International humanitarian law is unequivocal in its prohibition of starvation as a method of warfare as detailed in Additional Protocol II to the Geneva Conventions. Furthermore, per the 1997 Report on US Practice, it is the opinio juris of the United States that the starvation of civilians as a method of warfare is prohibited. Additionally, the Annotated Supplement to the US Naval Handbook (1997) states: “Art. 54(1) [of the 1977 Additional Protocol I] would create a new prohibition on the starvation of civilians as a method of warfare … which the United States believes should be observed and in due course recognized as customary law.”

Rules 54-56 of the study on customary international humanitarian law conducted by the International Committee of the Red Cross clarify that attacking objects indispensable to the survival of the civilian population, denying access of humanitarian aid intended for civilian use, and restricting the freedom of movement of humanitarian aid workers may all constitute violations of the prohibition of starvation. Although starvation is not recognized as an individual crime in cases of non-international armed conflict under the Rome Statute – to which Syria is not a party and would have to be referred to the International Criminal Court – starvation can arguably be prosecuted under displacement, crimes against humanity, genocide, or possibly, torture theories.

Issued in February 2014, UNSC Resolution 2139 demanded that “all parties, in particular the Syrian authorities, promptly allow rapid, safe and unhindered humanitarian access for UN humanitarian agencies and their implementing partners, including across conflict lines and across borders.” The resolution, however, had no enforcement mechanism and has had little tangible impact on the ground. Although UNSC Resolutions 2165, 2191, and 2258 have authorized UN agencies and their partners to use routes across conflict lines and border crossings to deliver humanitarian assistance, actors have been hesitant to provide citizens with the aid that they desperately need.

This week, in response to unprecedented media attention, the Syrian regime finally agreed to allow aid into the besieged towns of Madaya, Foua, and Kefraya.

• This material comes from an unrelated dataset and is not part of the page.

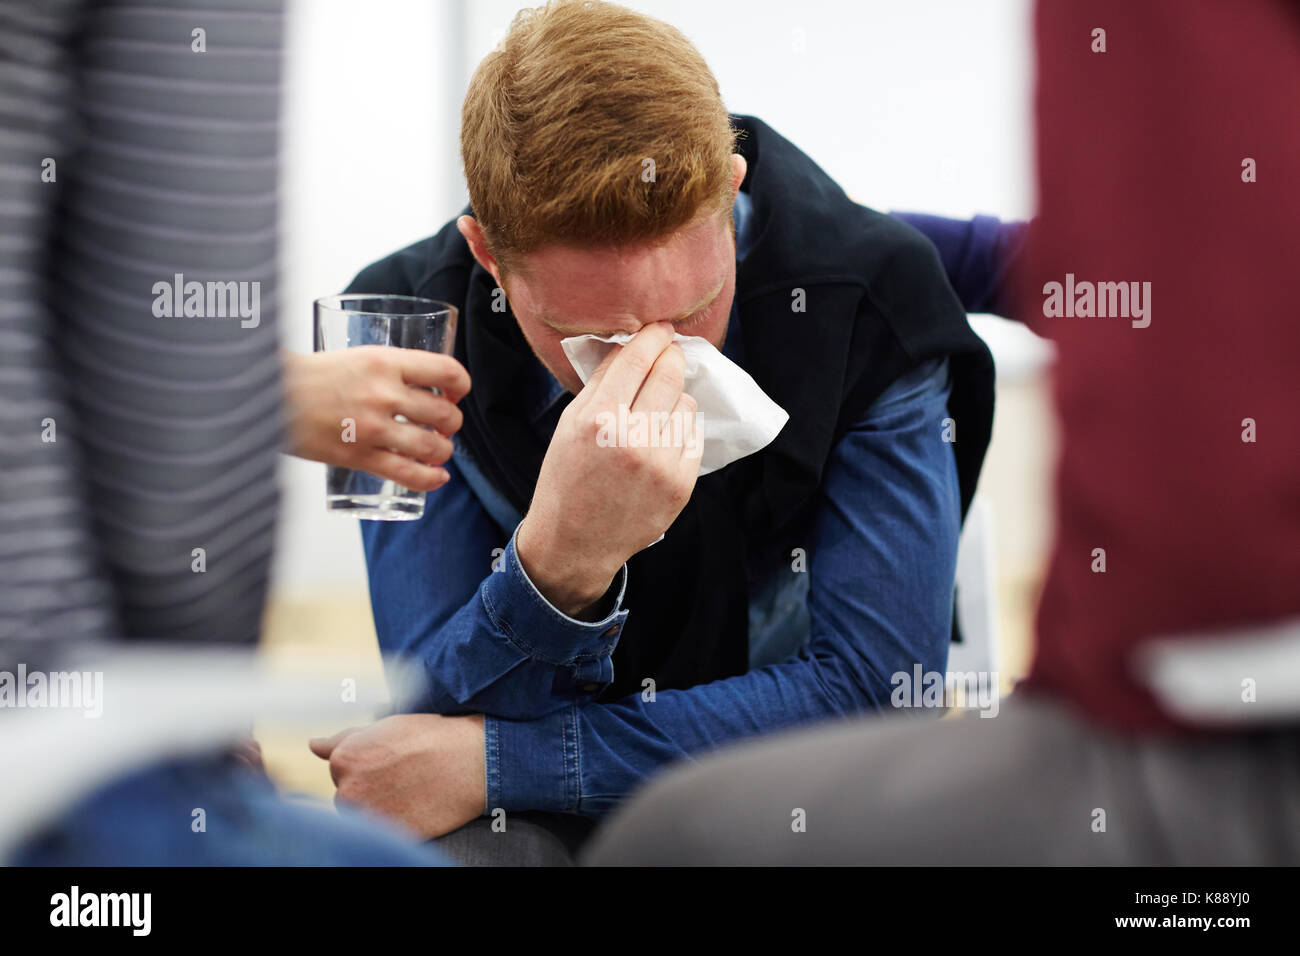 Frustrated man crying while one of his friends offering him glass of water Stock Photo
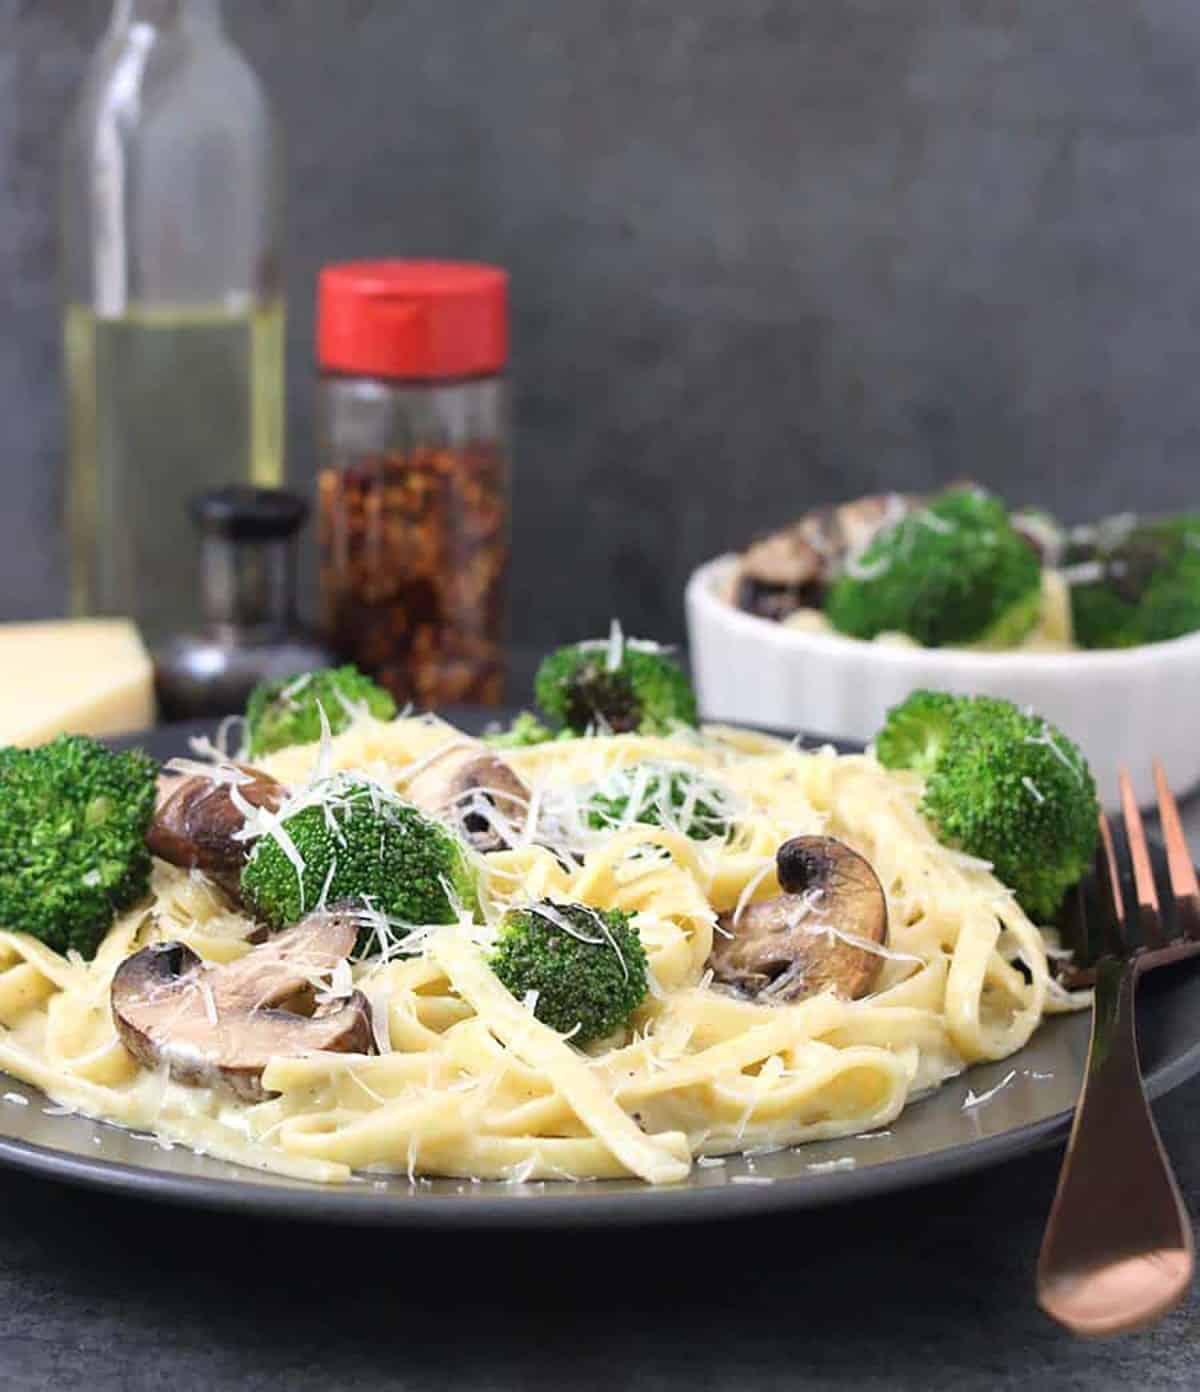 fettuccine alfredo pasta made with heavy cream, butter, parmesan cheese, mushroom and broccoli.

While a positive development, aid workers confirm that one-time distributions like these are rarely effective; the regular access to these areas that is necessary is rarely granted by governing authorities. The impunity with which authorities have been allowed to systematically starve the population threatens the security of the international community and violates international law. Unless the international community collectively and consistently condemns starvation as a tactic of war as employed by the Assad regime and other actors, comes up with a means by which to ensure consistent aid delivery irrespective of the Assad regime’s cooperation and as per the guidance of UN Security Council resolutions, and paves the way for the prosecution of starvation-related war crimes in the international scene, Madaya will not be the last scene of Assad’s brutal starvation regime.


Mai El-Sadany is a human rights lawyer with a focus on the Middle East and North Africa (MENA) region. She is currently the Executive Director of the Tahrir Institute for Middle East Policy (TIMEP), an organization dedicated to centering the insights and expertise of advocates from and in the MENA region in the policy discourse to foster transparent, accountable, and just societies. She is a member of the Working Group on Egypt.